Although engineers designed the highway with the minimum required cutting of adjacent forests, Floura Teeter was tasked with replacing the existing tree canopy as quickly as possible. Under the direction of its in-house forester, Floura Teeter ultimately reforested 74.2 acres on the project site using 270,000 plants larger than the typical size used on SHA projects to reach maturity faster.

Highway projects are typically not popular with surrounding communities, with residents citing concerns about noise and traffic debris. To respond to these concerns, Floura Teeter principal Joan Floura and other staff members were heavily involved in community outreach. In addition to holding open meetings and attending community gatherings to present information and answer questions, Floura Teeter staff went door-to-door to meet with individual homeowners and work with them to develop acceptable solutions. Ultimately, a mix of sound walls and trees were used to create a feeling that the neighborhoods were still connected despite the addition of the new highway.

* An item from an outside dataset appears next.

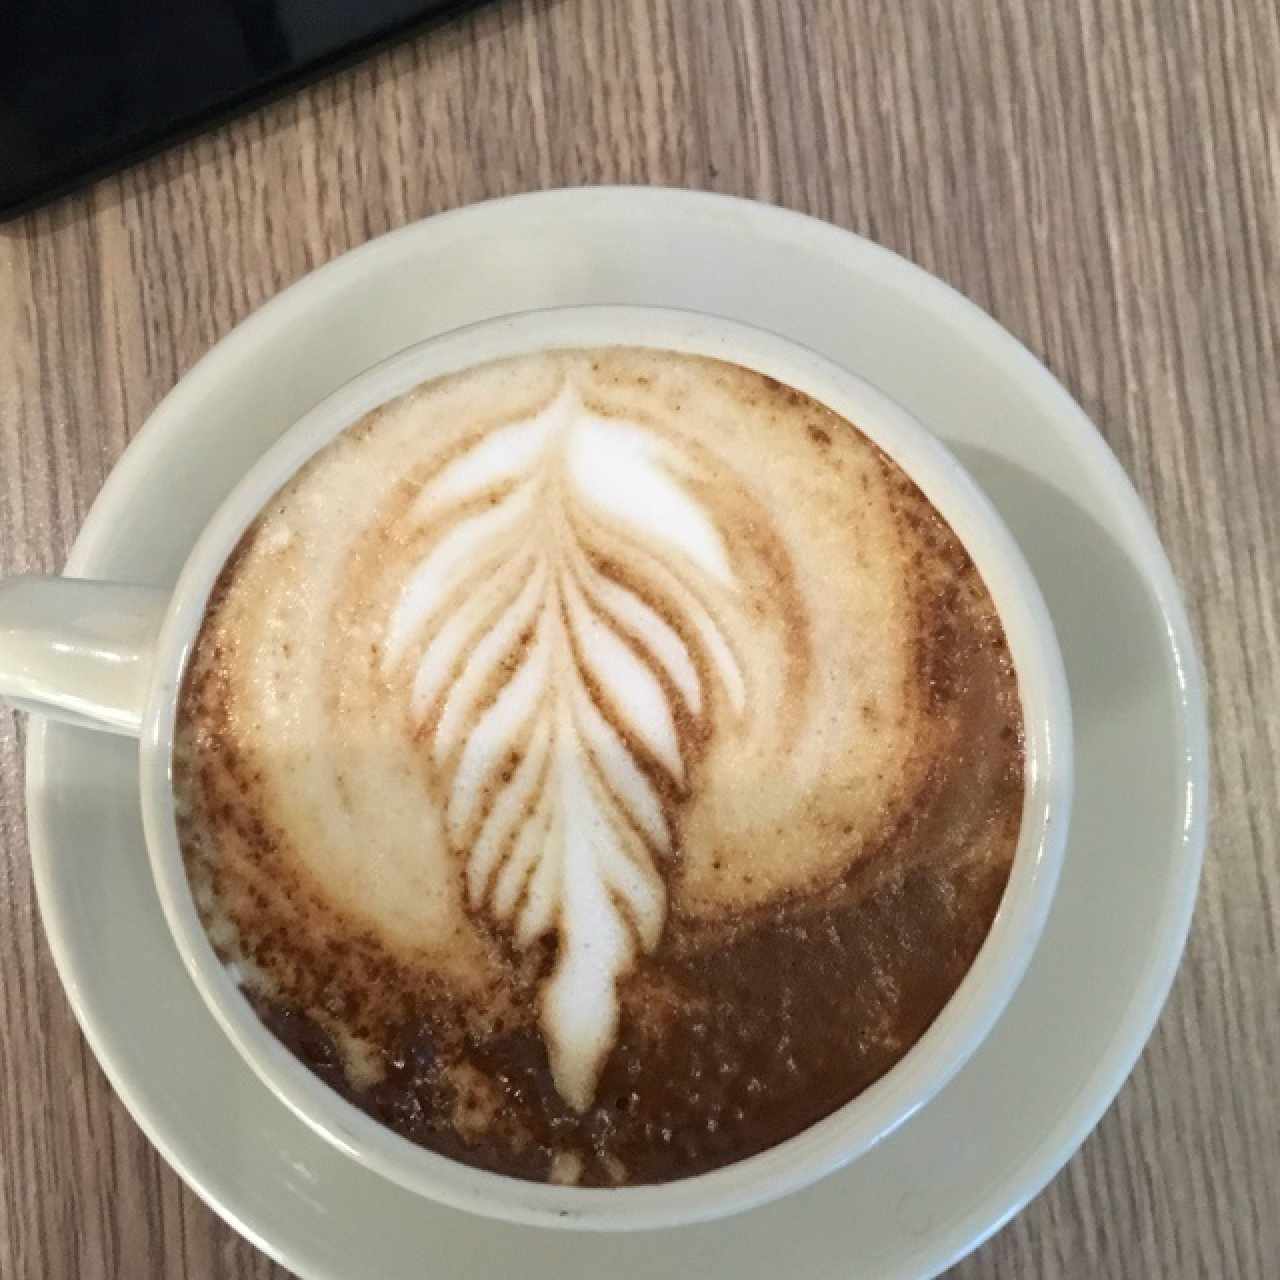 deliciousCafecapuccino

In order to avoid endangered species in the area, it was necessary for engineers to run the new roadway directly through a local development, essentially dividing the neighborhood in half. To minimize disruption and ensure pedestrian safety, the design incorporated a tunnel that runs underneath the neighborhood. Floura Teeter designed a green space on top of the tunnel featuring turf and ornamental plantings to create a central park that helps preserve a sense of community for residents.

While Floura Teeter stands behind every project it completes, scope of work for the ICC specifically called for a two-year warranty period, during which time Floura Teeter was responsible for ongoing community outreach and maintenance including walking the entire project and replacing any dead material each planting season.